When your closing is finished, you should not only have your keys to your new home, but you also need a stack of documents for future tax returns and when/if you eventually sell the property. These documents include your final HUD-1 statement, your Truth-in-Lending statement outlining your mortgage terms, your mortgage note and your deed of trust.

How do I find a Mortgage Lender?

A REALTOR® should also be able to recommend a lender or two for you to interview. You can check for a loan officer’s license and read reviews online to be sure you’re working with someone reliable.
As a first-time buyer, you should call a few lenders to find someone experienced with first-time buyer needs who can possibly help you identify special loan programs in your area.

What to Expect From Your Mortgage Lender

The best lenders take a collaborative approach with borrowers and explain all your loan options. When your lender checks your credit report, they should give you feedback on how to improve your credit profile.
They should also offer recommendations on how to handle your money between the time you apply for a loan and settlement day. 
Your mortgage lender should provide advice about when to lock in your loan rate and discuss the pros and cons of various loan programs.

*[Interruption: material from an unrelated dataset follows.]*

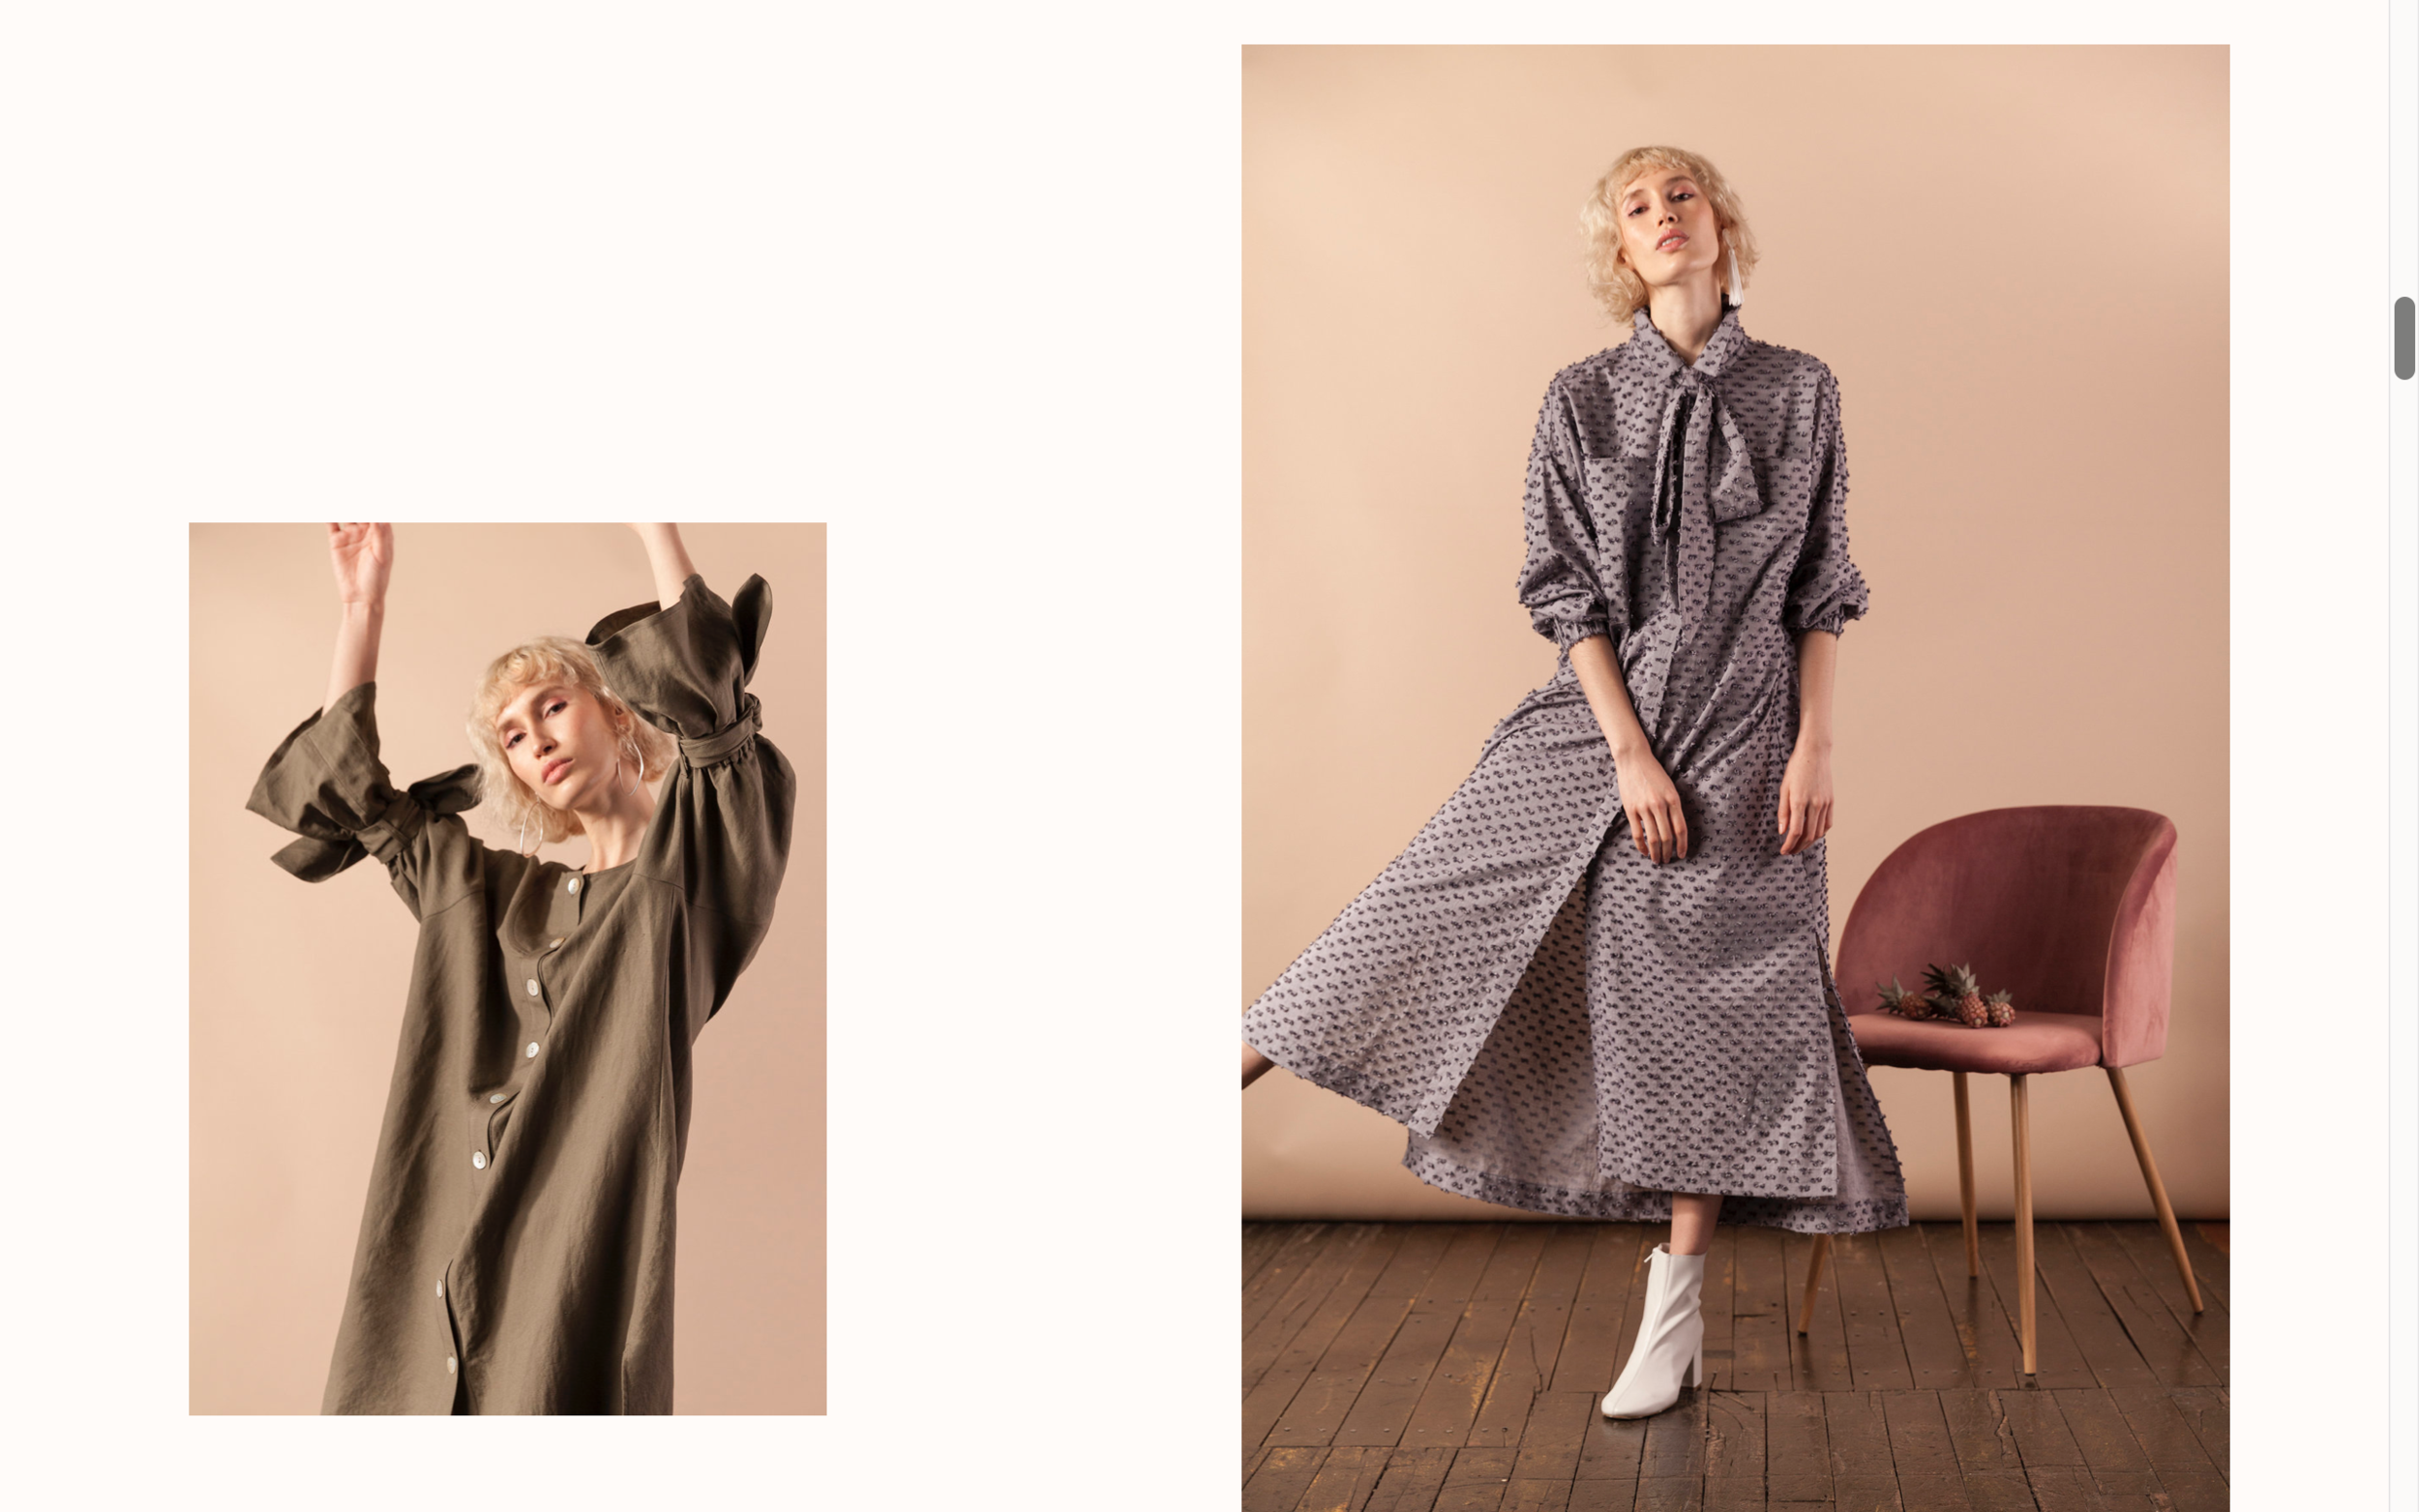 House-Dress-Ny-Lookbook-Sleeve-Caftan-Garmentory

What Your Mortgage Lender Expects From You

Your lender needs you to be honest about your finances and responsive to all requests for additional information, no matter how unimportant it may seem to you. The more cooperative you are with a lender, the easier the loan process will be.
You should be prepared with tax returns, W2s, bank statements, employer names and addresses, and your current landlord’s information.
Your lender will generate a mortgage approval based on your debt-to-income ratio and credit score, but you should also consider your budget and your own comfort level with the payment amount.
There’s no need to borrow the maximum amount you qualify for, particularly if you know you plan to spend money on items that don’t show up on your credit report. Your careful planning and preservation of your emergency fund are important for responsible, long-term homeownership.

What is a Mortgage Pre Approval?

There’s nothing more frustrating than falling in love with a home and then discovering you can’t afford to buy it.
Consulting with a mortgage lender is the first step you should undertake in the home buying process. Almost all first-time buyers need a mortgage to finance their home purchase, so get prepared before you look.

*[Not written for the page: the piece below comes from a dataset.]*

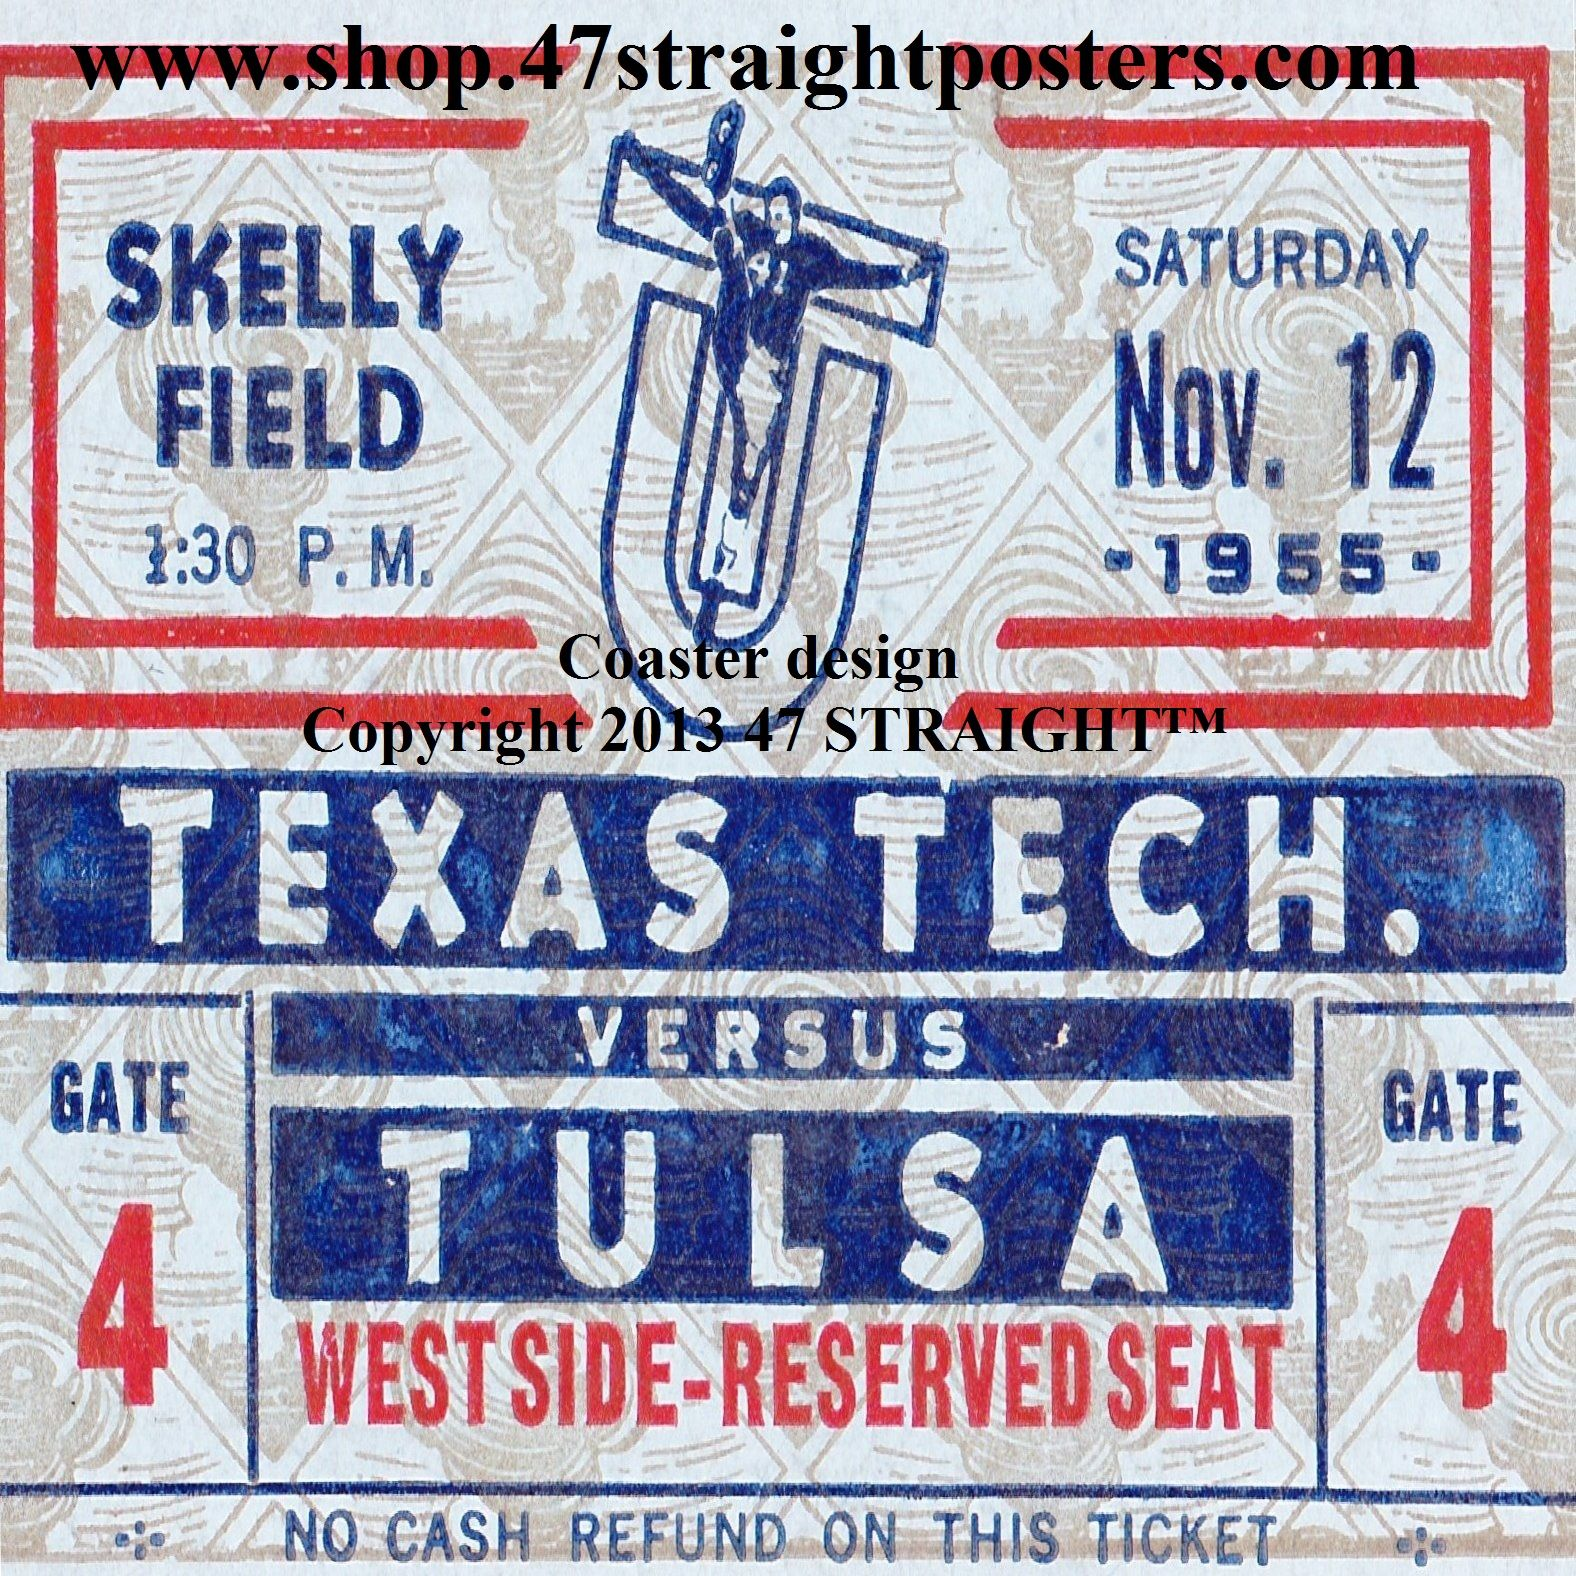 Tulsa football gifts. Available soon! 1955 Texas Tech vs

When you’re armed with the knowledge of what you can afford, it focuses your search and allows you to make a move when you find a home you love.
Lenders offer borrowers either a pre-qualification letter or a pre-approval letter, but most REALTORS® recommend you get a pre-approval letter before you start home shopping.
A pre-qualification letter states the amount a lender thinks you’ll be able to borrow based on your income and credit profile without any actual documentation.
However, mortgage lending standards have tightened since the housing crisis, and all mortgage loans now require full documentation and verification of income and assets—so most sellers will only accept an offer from a buyer with a full pre-approval letter based on verified information.
Your home hunt will benefit with a pre-approval for two main reasons:
  • First, you’ll have completed the credit check and paperwork requirements for a mortgage, so you’ll know your ability to finalize a home purchase. If the lender finds a problem with your credit or an error on your credit report, you’ll have time to fix it before making an offer.
  • Second, since your documentation will already be in place, a mortgage pre-approval will likely speed up the process once you make an offer.